» **Exercise**:
A faithful, picture-free copy of the listing below is required.

*** Opening Collected data ***

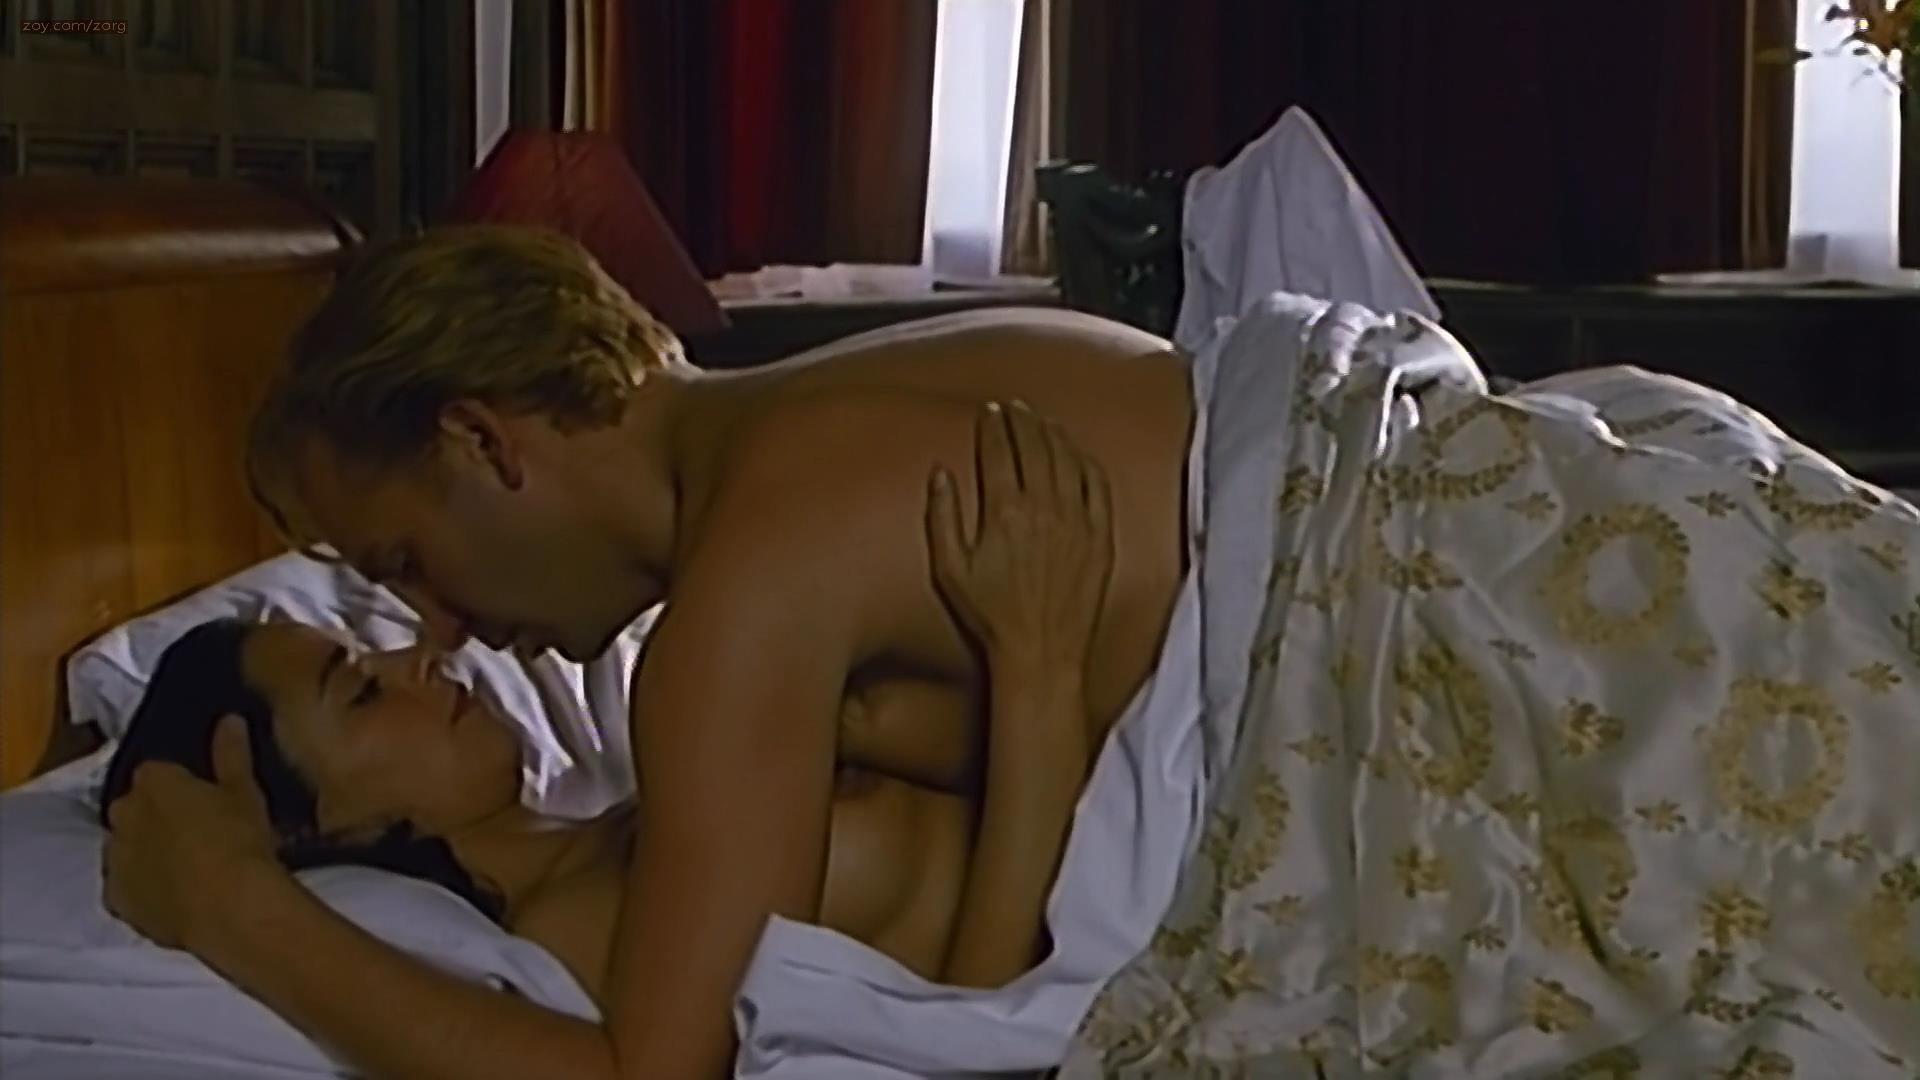 Anja Ali Samantha Lesbian Porn els dottermans, elsie de brauw nude bush sex and lesbian
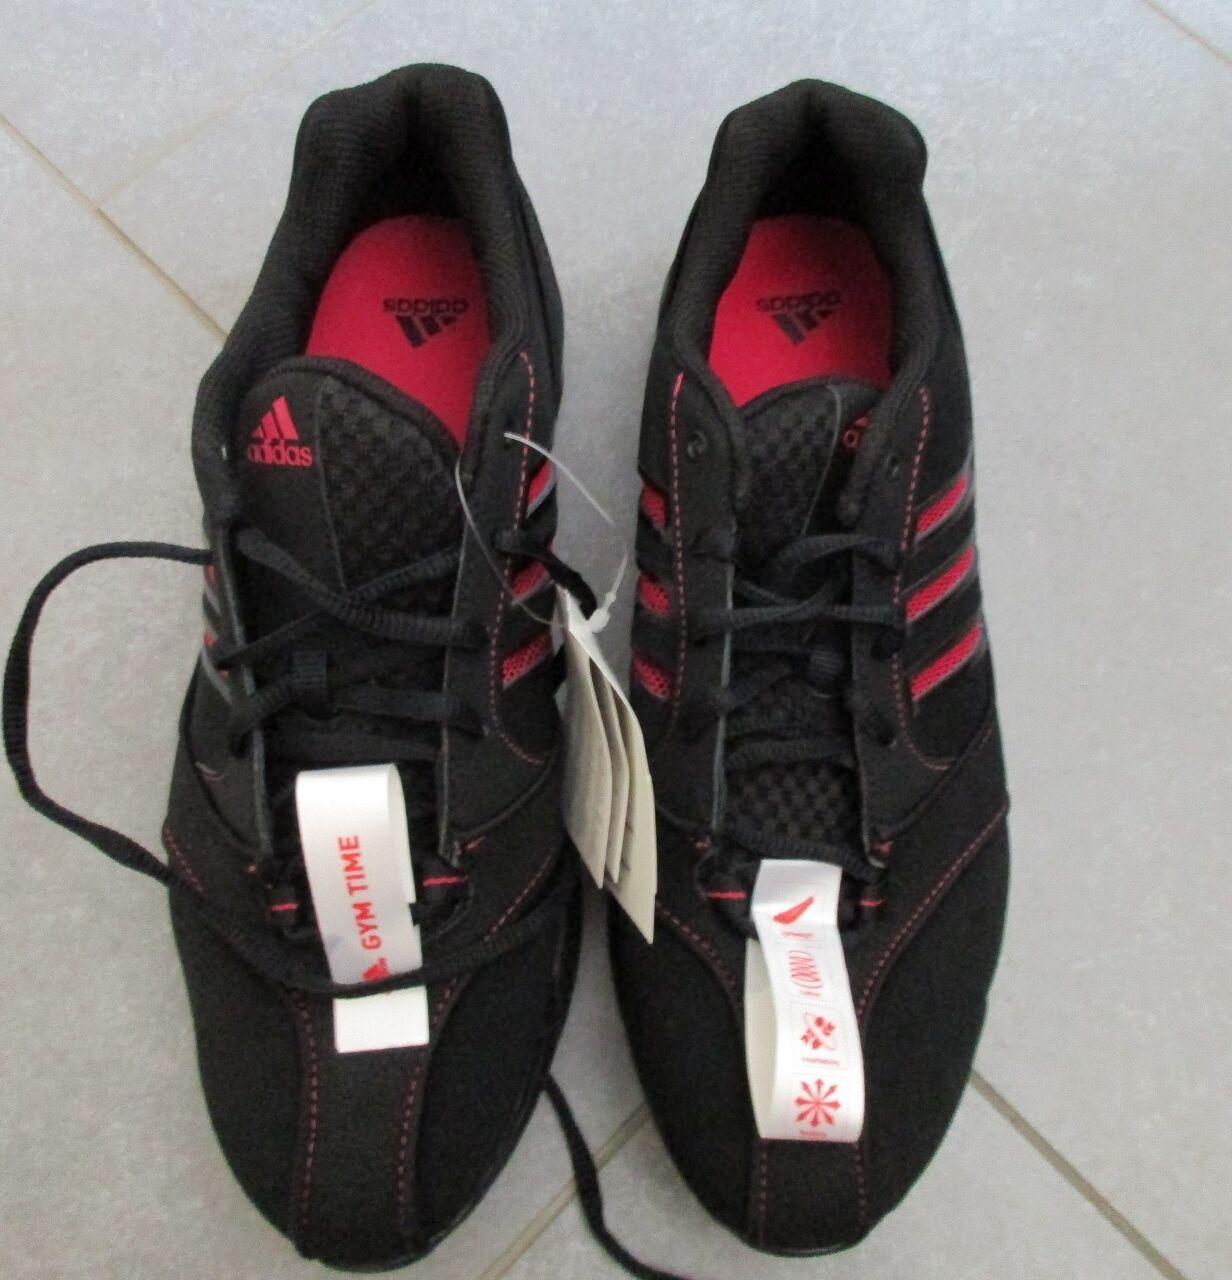 Adidas Schuhe Laufschuhe Sportschuhe Indoor Rizer Rizer Indoor II Lo schwarz pink Gr. 41 1/3 bb94ba
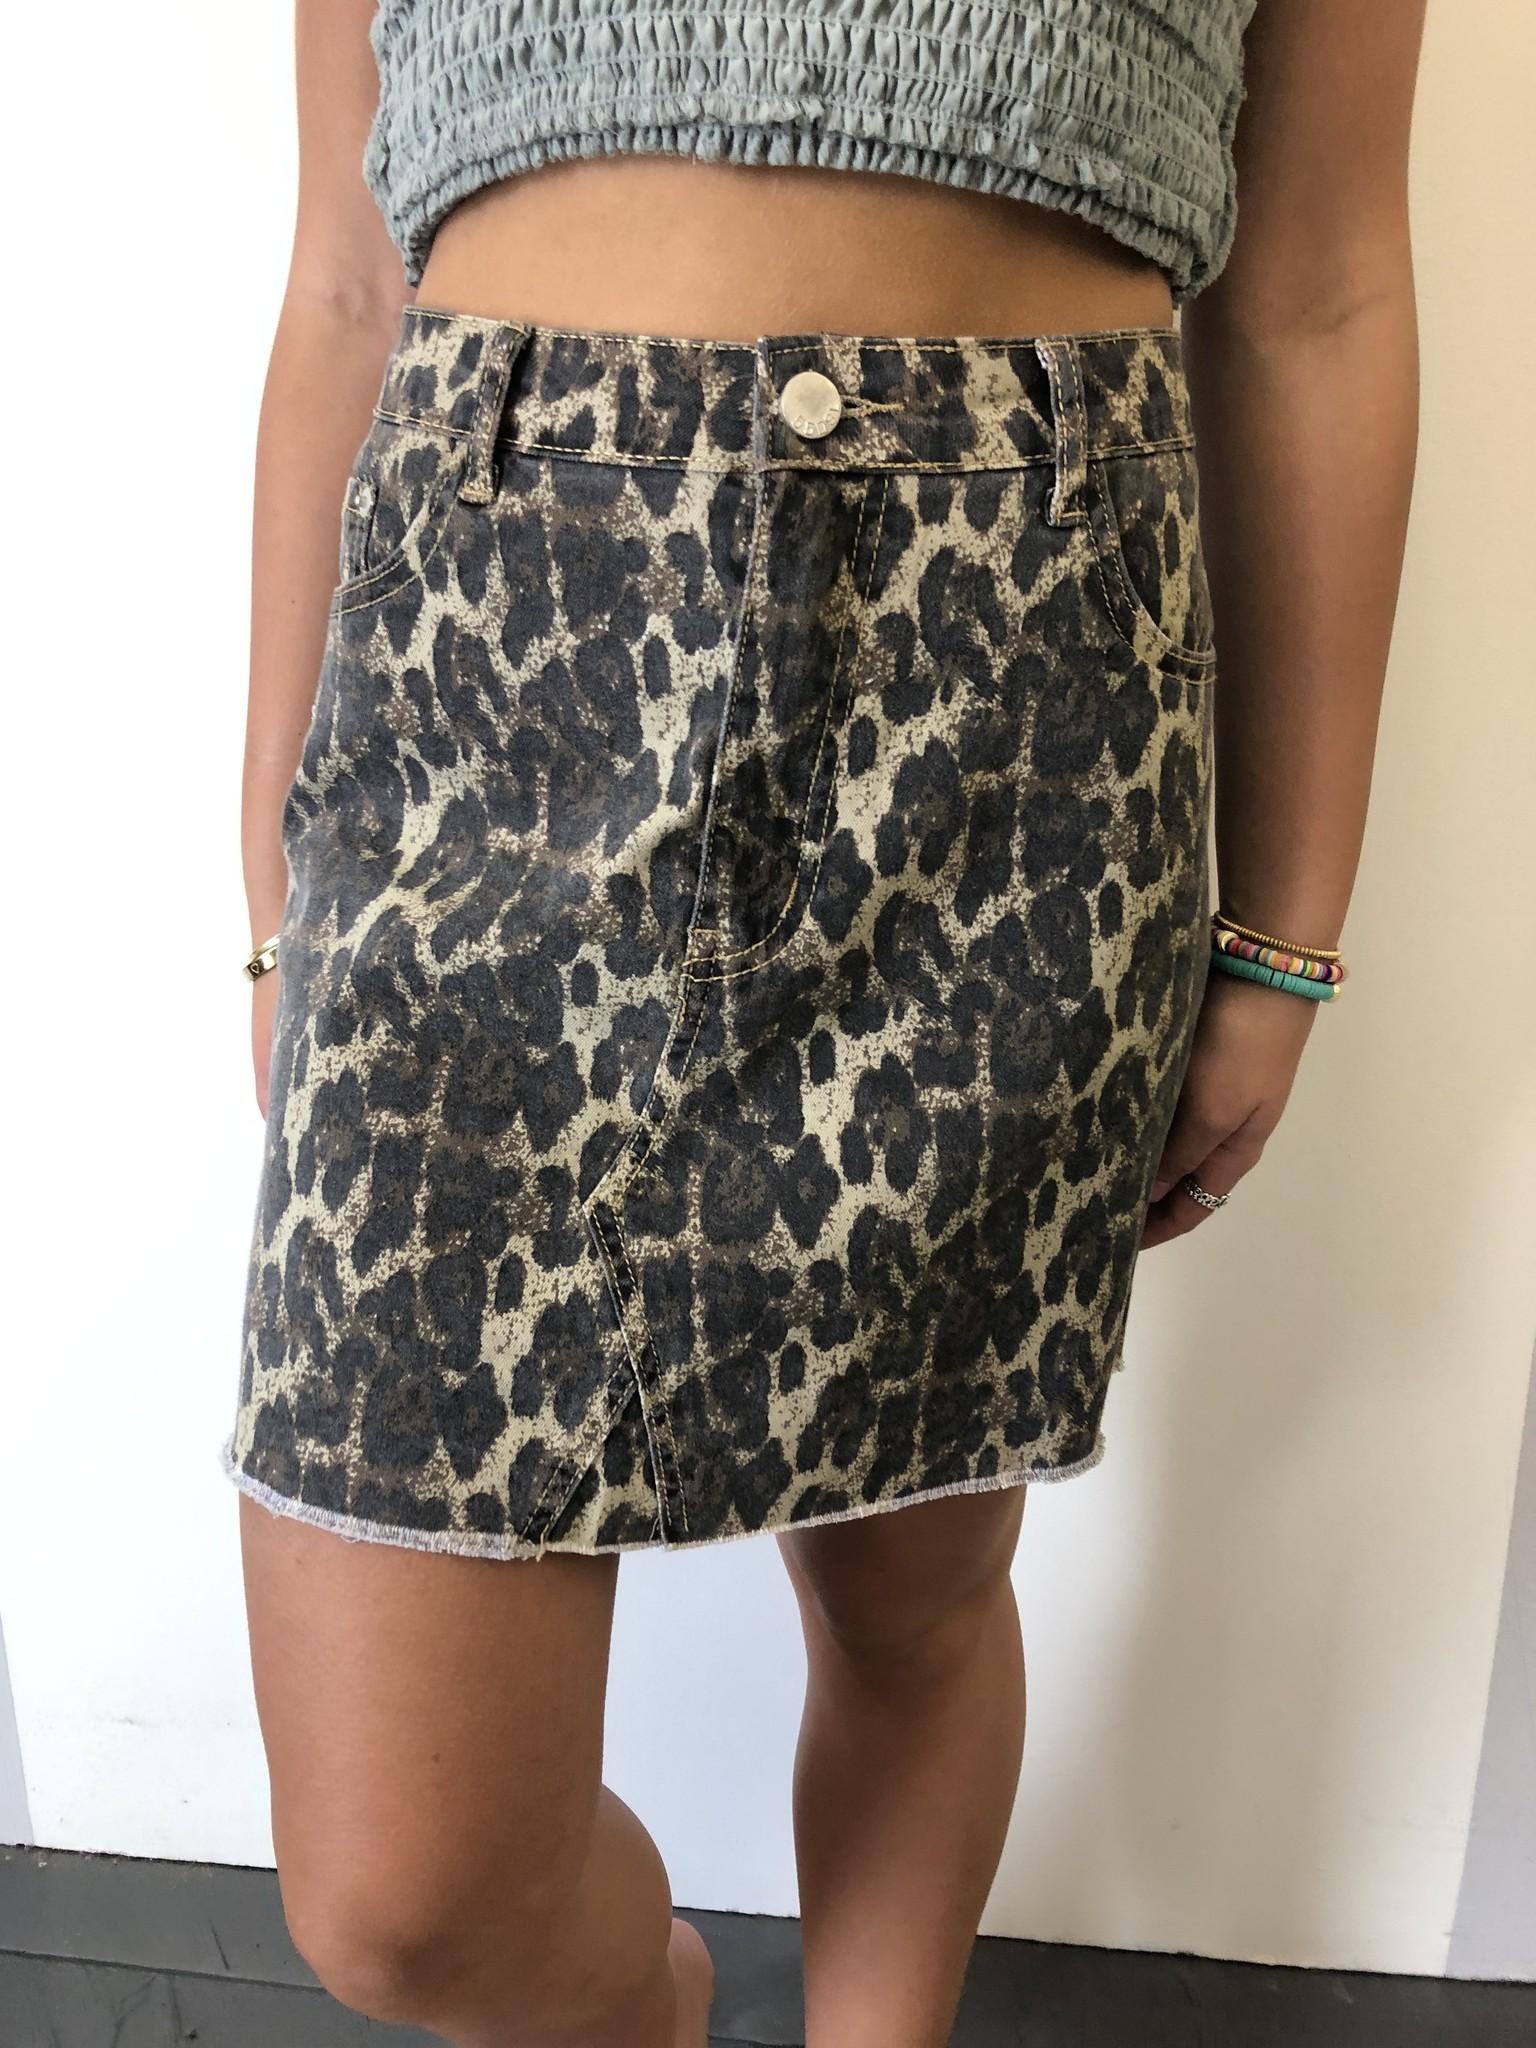 Camel Leopard Print Skirt

*** Closing Collected data ***

» **Answer to this problem**:
 Anja Ali Samantha Lesbian Porn els dottermans, elsie de brauw nude bush sex and lesbian
 Adidas Schuhe Laufschuhe Sportschuhe Indoor Rizer Rizer Indoor II Lo schwarz pink Gr. 41 1/3 bb94ba
 Camel Leopard Print Skirt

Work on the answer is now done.